■ **EXERCISE OBJECTIVE**
Start at the line that contains "Florentino Pérez y" in the listing below and extract every line through the last, exactly; leave pictures out.

■ **SUPPLIED MATERIAL**
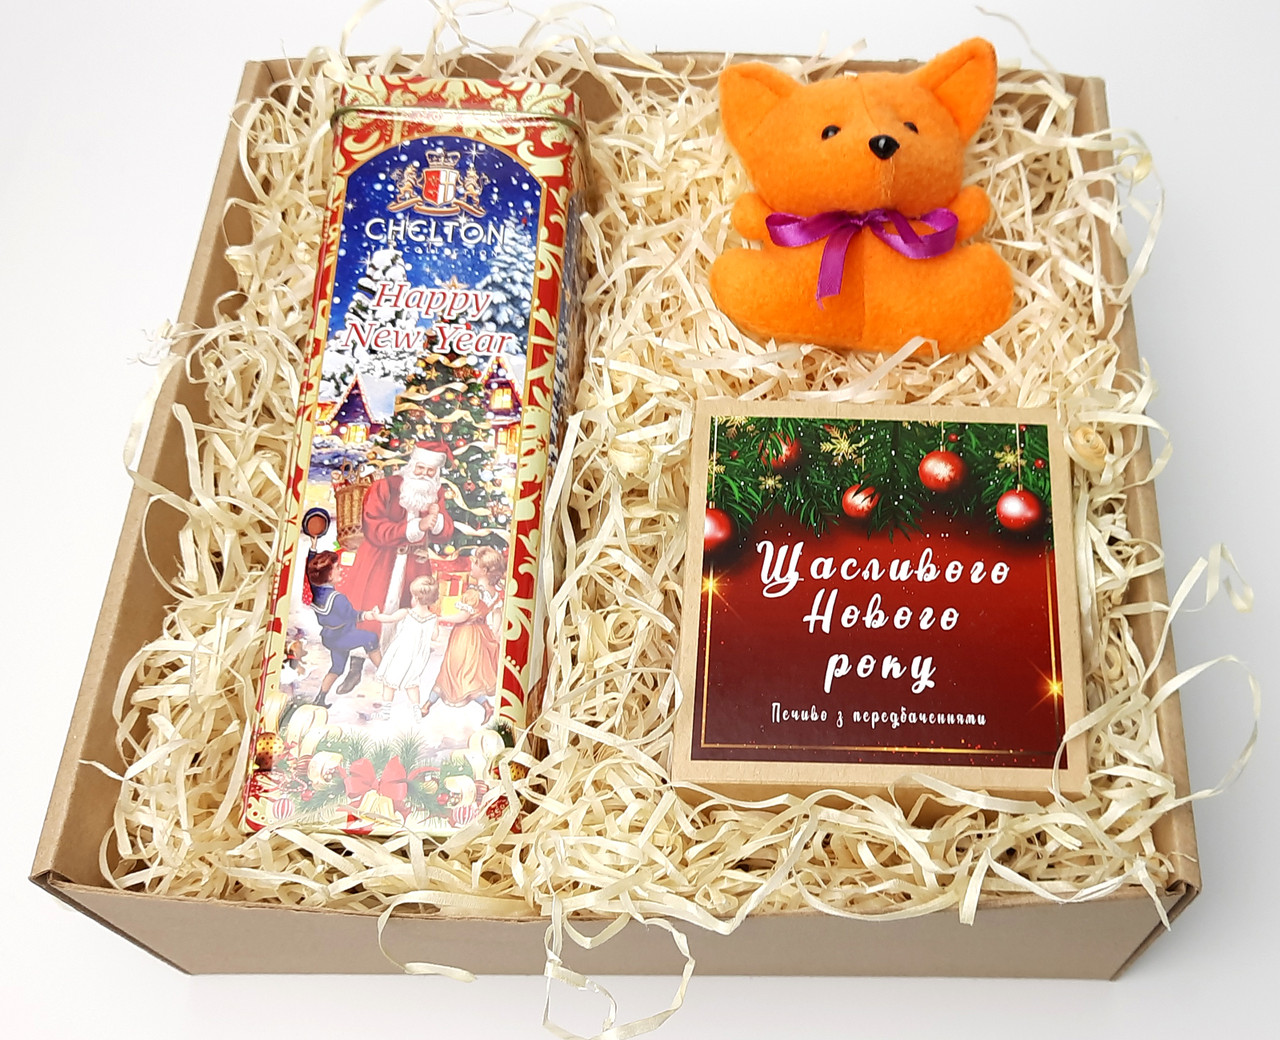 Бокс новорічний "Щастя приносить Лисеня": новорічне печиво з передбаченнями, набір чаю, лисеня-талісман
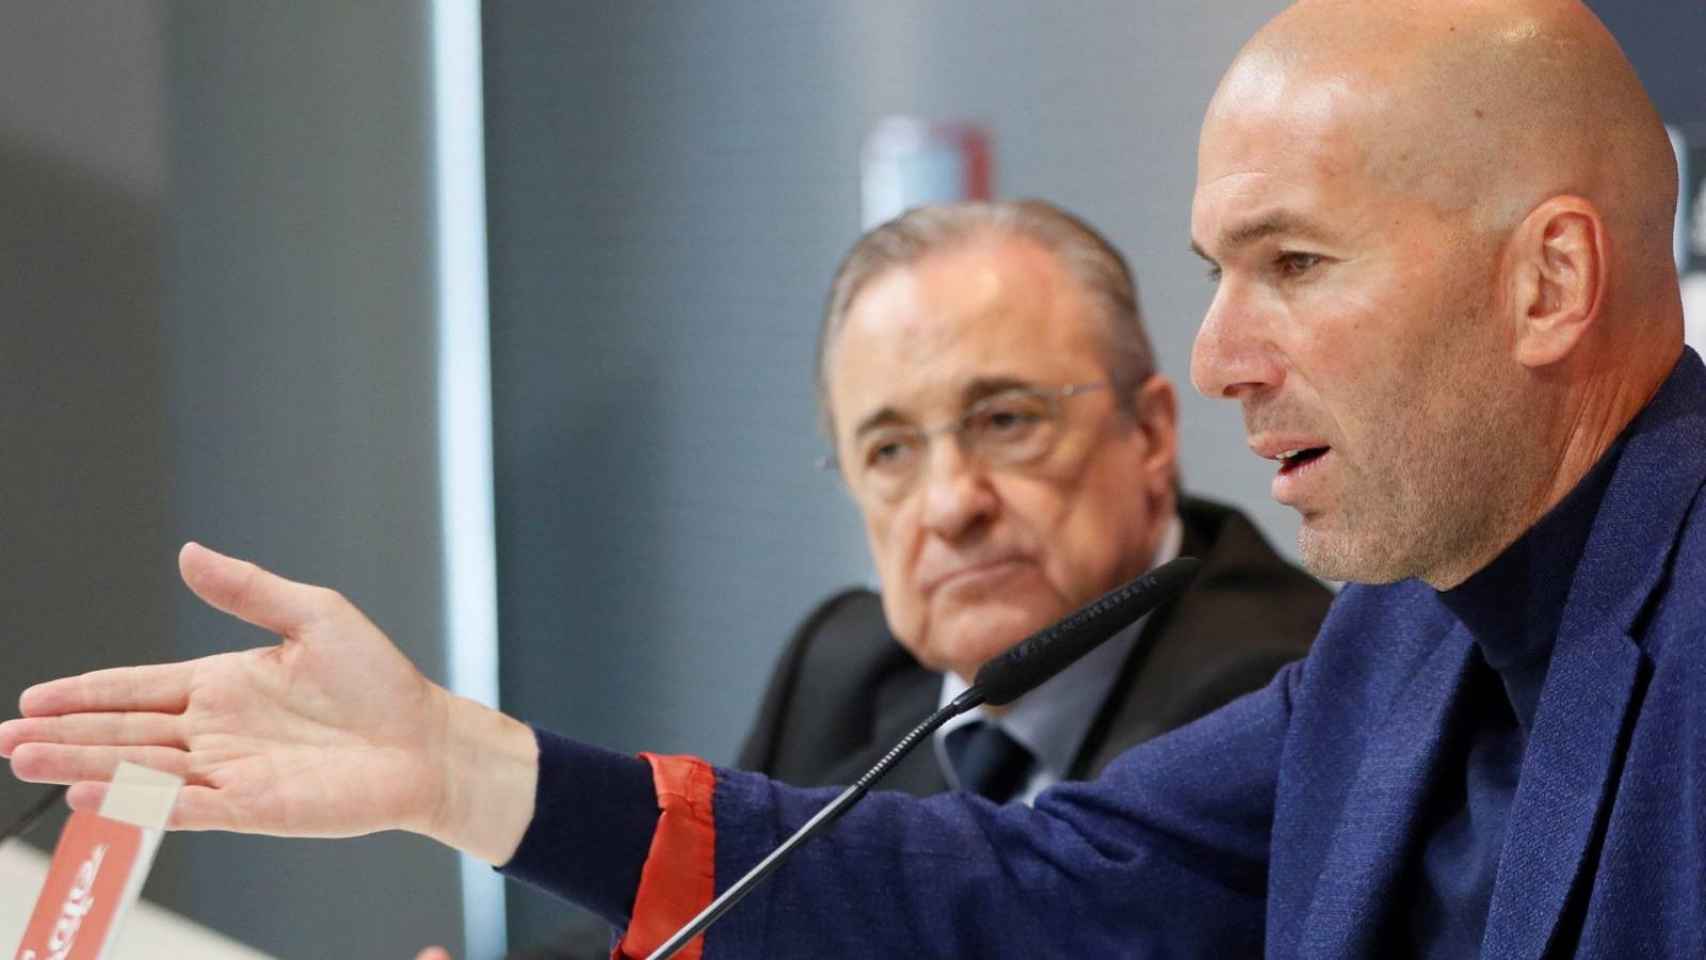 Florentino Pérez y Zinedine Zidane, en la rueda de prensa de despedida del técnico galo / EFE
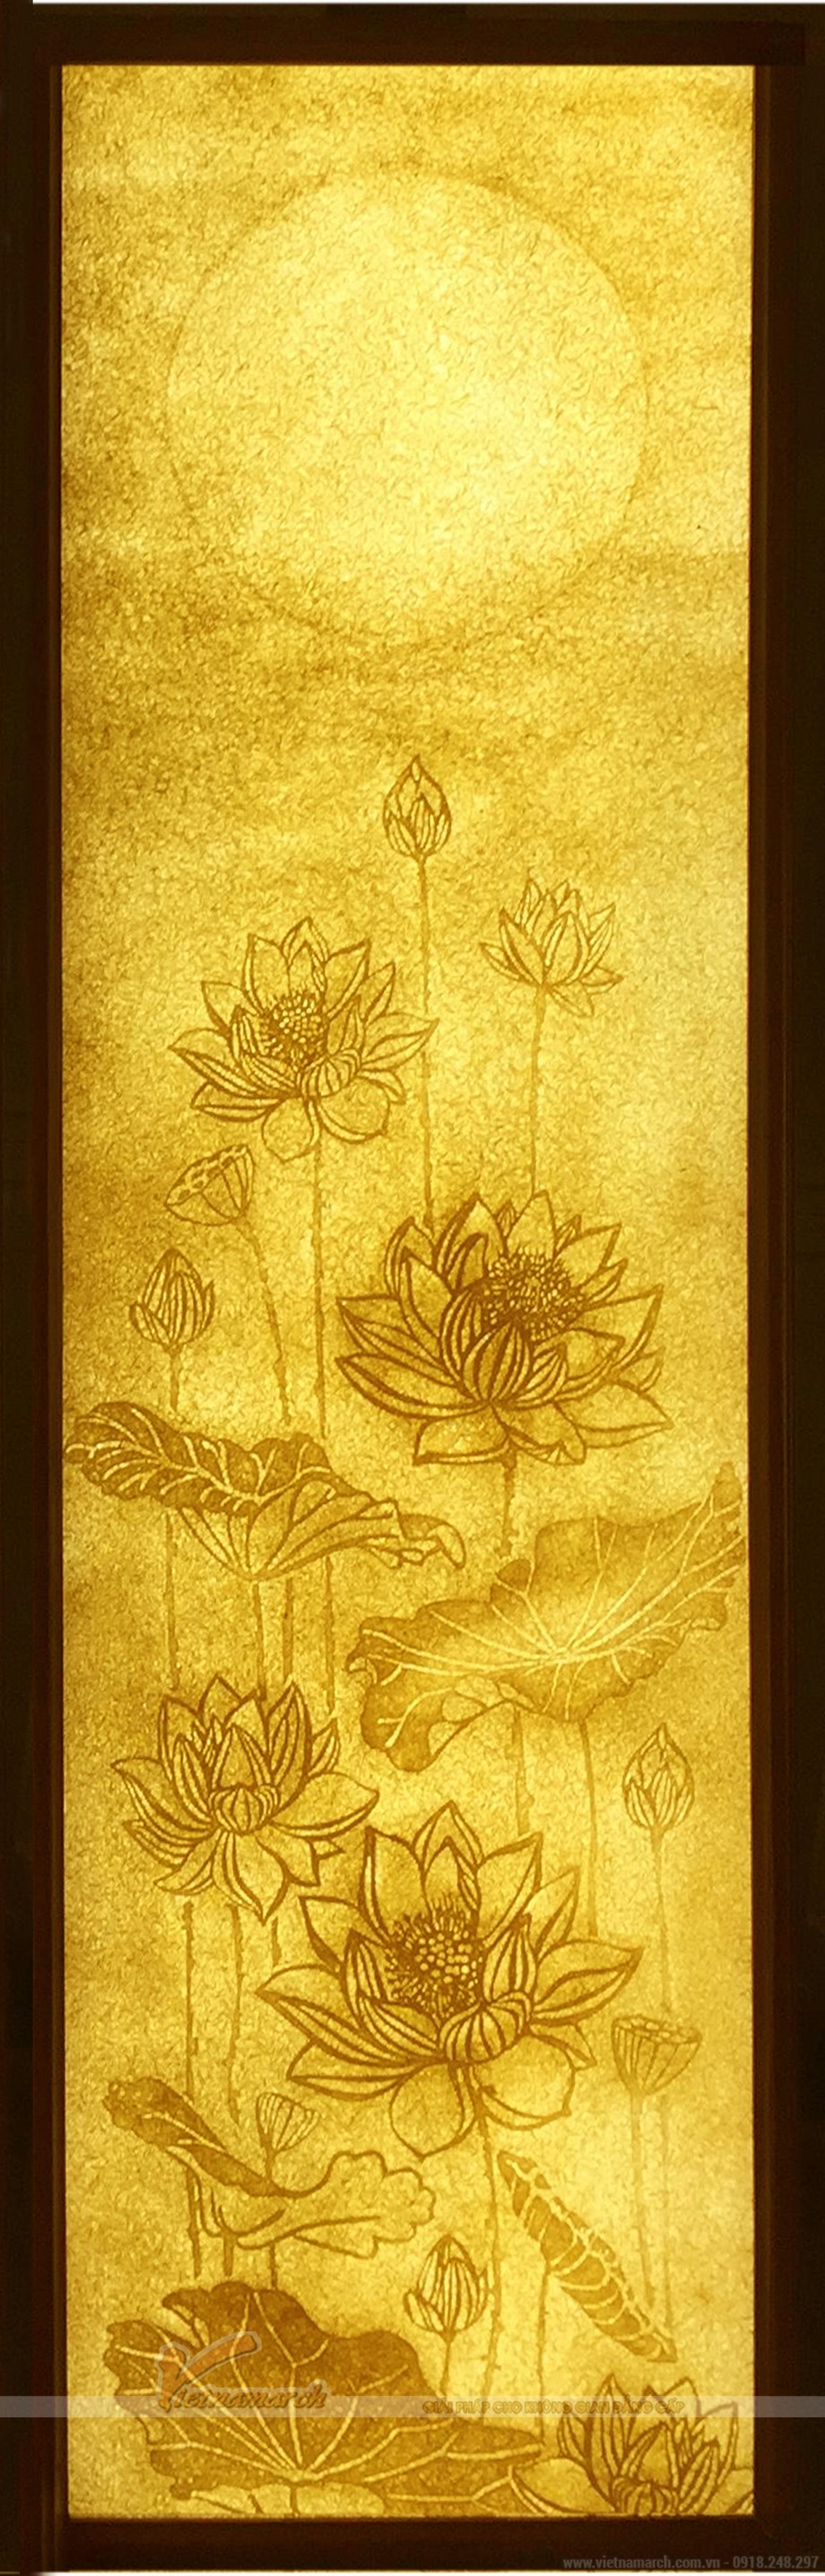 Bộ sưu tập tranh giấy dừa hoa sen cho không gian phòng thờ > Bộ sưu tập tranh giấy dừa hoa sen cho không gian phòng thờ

■ **ANSWER BOX**
 Florentino Pérez y Zinedine Zidane, en la rueda de prensa de despedida del técnico galo / EFE
 Bộ sưu tập tranh giấy dừa hoa sen cho không gian phòng thờ > Bộ sưu tập tranh giấy dừa hoa sen cho không gian phòng thờ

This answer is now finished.